Bond markets told a more nuanced story. The most liquid three-year Korean treasury bond yield rose 1.5 basis points to 1.131%, suggesting some shift in expectations about near-term rates. The benchmark ten-year yield, however, fell 0.9 basis points to 2.111%, a sign that investors still expected the longer-term outlook to remain accommodative. That expectation appeared well-founded. South Korea's central bank was widely expected to hold its interest rates at record lows when it met on Thursday, and analysts saw no reason to expect rate increases for the remainder of 2021. The reasoning was straightforward: COVID-19 uncertainties persisted, financial imbalances required monitoring, and while the broader economy showed signs of recovery, the path forward remained uneven enough to warrant caution.

The day's movements, taken together, painted a picture of a market catching its breath. Foreign investors had stopped selling, domestic stocks had stopped falling, and the currency had stabilized. None of it was dramatic. But after nine days of outflows and three days of losses, the market was simply grateful for a turn.

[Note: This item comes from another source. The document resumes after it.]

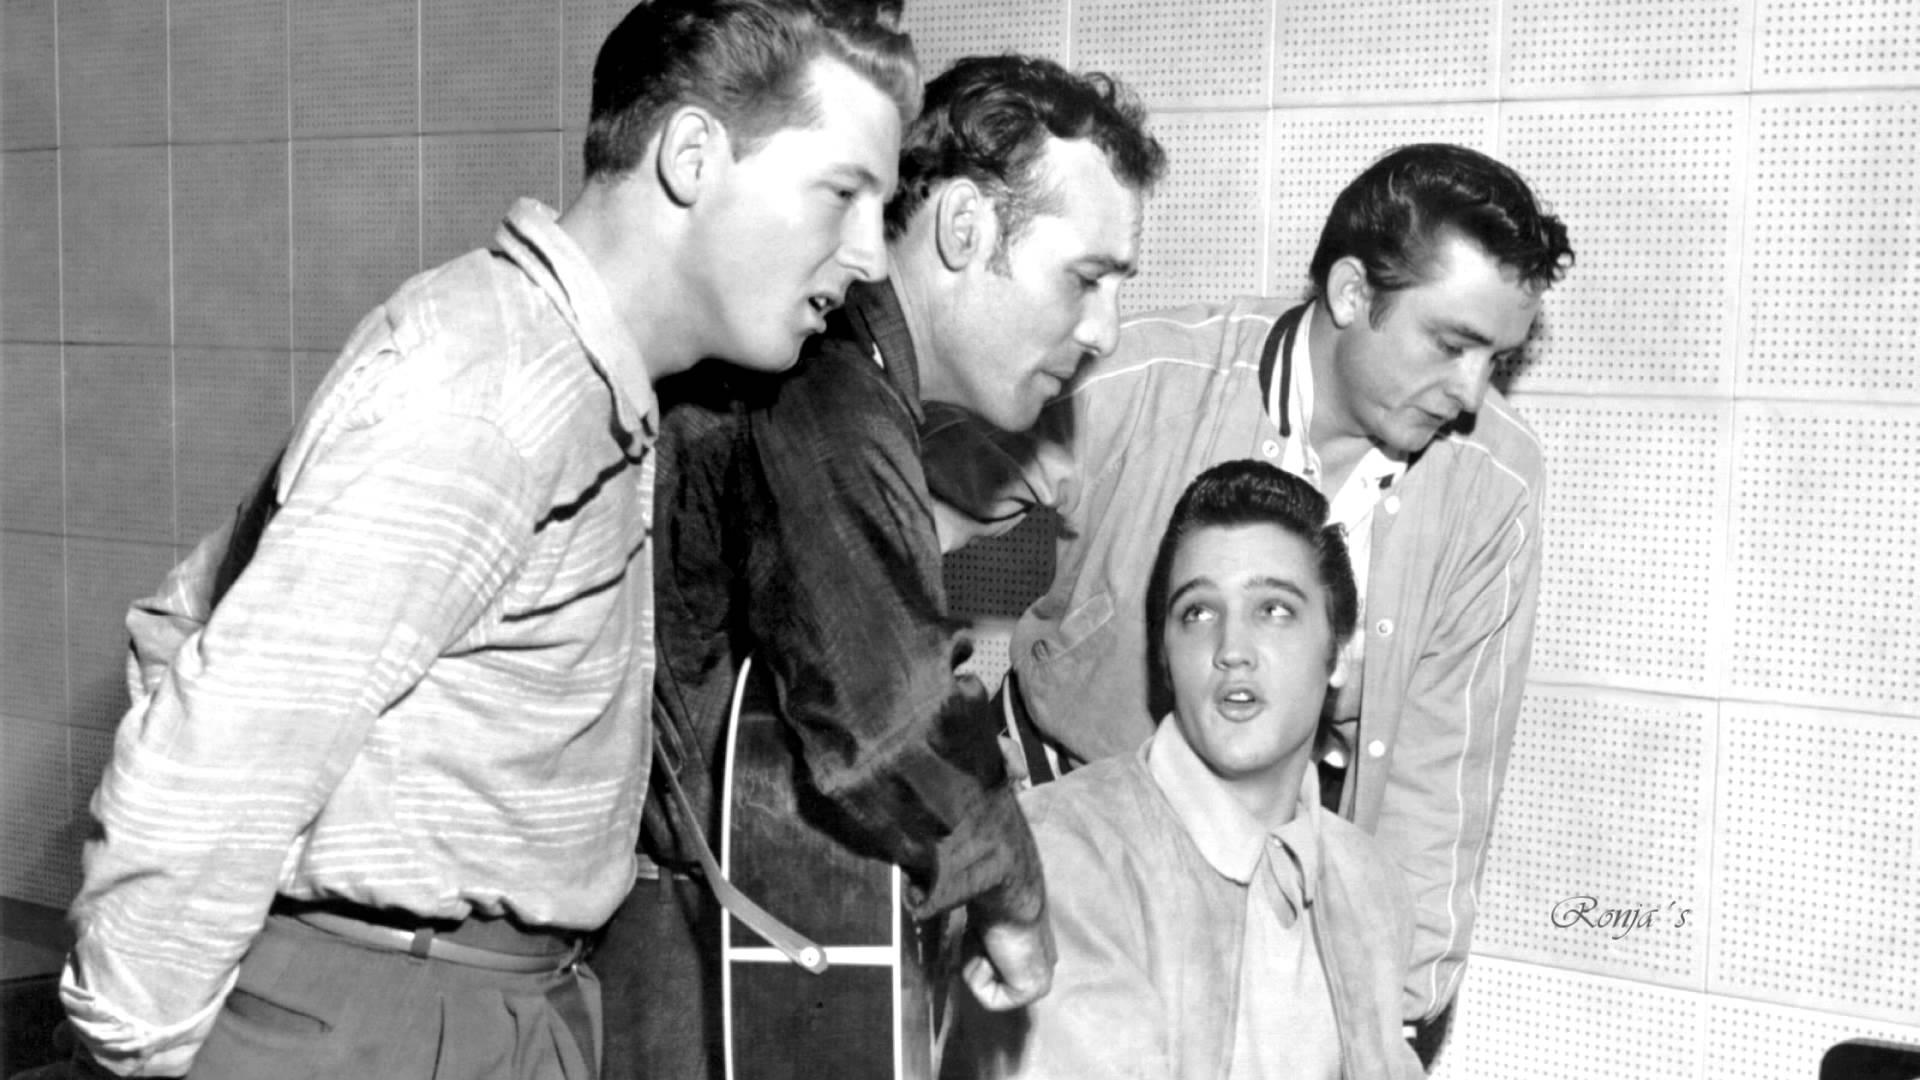 Million Dollar Quartet- Left to Right- Jerry Lee Lewis, Carl Perkins, Elvis Presley, Johnny Cash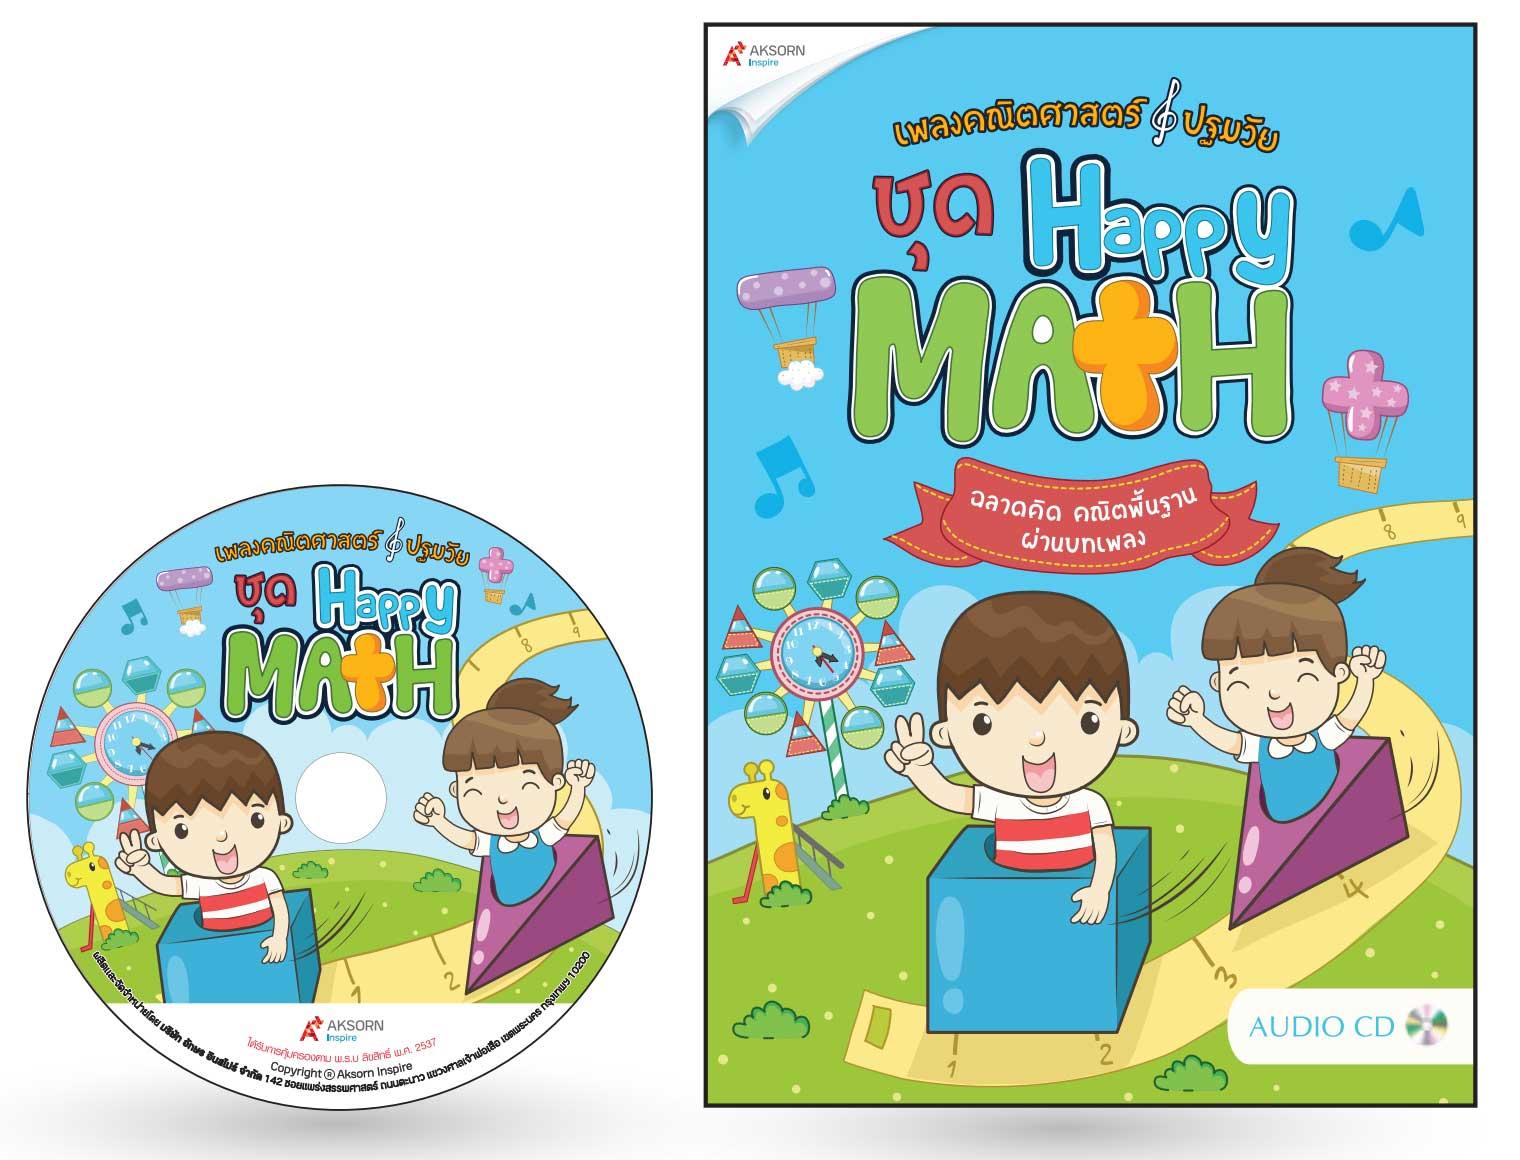 Audio CD เพลงคณิตศาสตร์ ชุด HAPPY MATH

Foreign investors bought net 18.1 billion won worth of shares on the main board, set to end its selling run that began on May 11
— Reuters market data
A Conversa do Hearth Outra perspectiva sobre a história
Inventor

Why did foreign investors suddenly stop selling after nine days? Did something change overnight?

Model

Not overnight, exactly. Wall Street had a good session, which always matters for Korean sentiment. But more than that, the selling had probably run its course. Nine days is a long time to be consistently exiting a market. At some point, the people who wanted out have left.

Inventor

So this isn't a sign of confidence returning—it's just exhaustion?

Model

It's both. The exhaustion is real. But the fact that they came back in at all, rather than waiting longer, suggests they saw value at these levels. The KOSPI wasn't at a record high; it had fallen for three days. That's when buyers often step in.

Inventor

What about the inflation concerns? The article mentions those are still weighing on things.

Model

They are. That's why the moves are modest. You're not seeing a surge; you're seeing a stabilization. The market is saying: yes, inflation worries exist, but they're not enough to keep us out entirely. It's a measured return, not a rout.

Inventor

And the central bank is expected to keep rates low through the end of the year?

Model

Yes, because the recovery is still fragile. COVID is still a variable. Financial imbalances—debt levels, asset bubbles—need watching. So even though the economy is improving, the bank can't tighten. That's actually supportive for stocks, because cheap money keeps flowing.

Inventor

So the market is stable, but not because everything is fine. It's stable because the central bank has its foot on the gas.

Model

Exactly. That's the real story underneath the headline.